Materials and methods

Type of study / information:
The objective of the study was to determined whether handling receipt paper results in measurable absorption 4-hydroxyphenyl 4-isoprooxyphenylsulfone (BPSIP), BPA or BPS.
Endpoint addressed:
dermal absorption
Test guideline
Qualifier:
no guideline required
GLP compliance:
no

Method

Ethical approval:
confirmed, but no further information available
Details on study design:
The main objective of this study was to test the hypothesis that occupational exposure to thermal receipt paper results in increased urine and/or serum levels of BPA or its analogues in cashiers when measured shortly after they complete a work shift compared with levels measured > 24 hr after completing a shift.
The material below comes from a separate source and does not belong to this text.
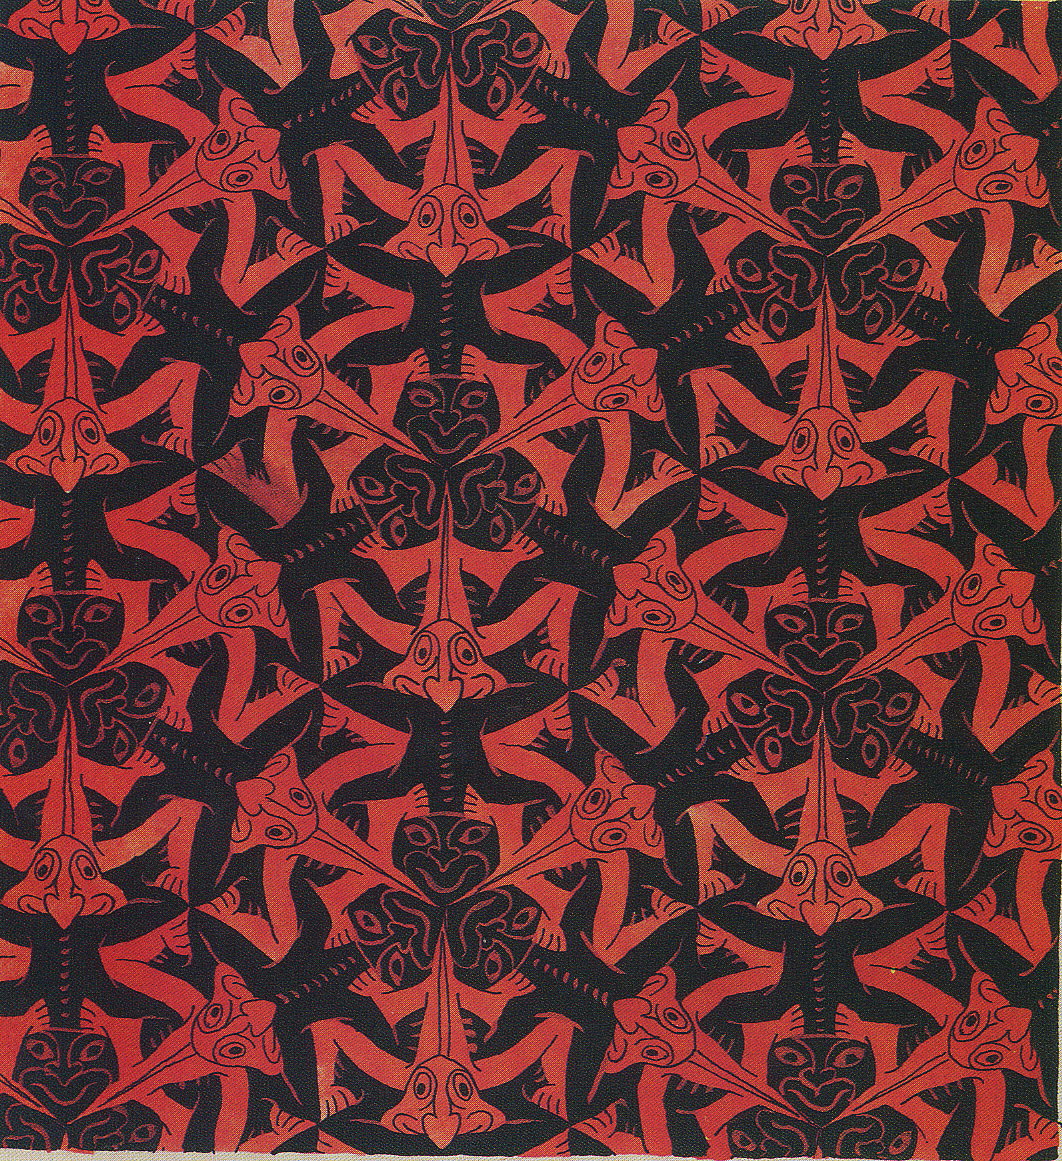 Escher S Symmetry Prints From M C Official Website

The analyses of biospecimens from cashiers were matched with analyses of receipt paper samples provided by the cashiers. The levels of BPA,BPS and BPSIP were compared in urine from cashiers with those in urine from non-cashiers. A total of 77 cashiers were included in the analysis. Cashiers were grouped into receipt categories based on the dominant analyte detected in the paper (BPA = 33, BPS = 32, BPSIP = 12). Urine samples were also collected from 25 non-cashiers.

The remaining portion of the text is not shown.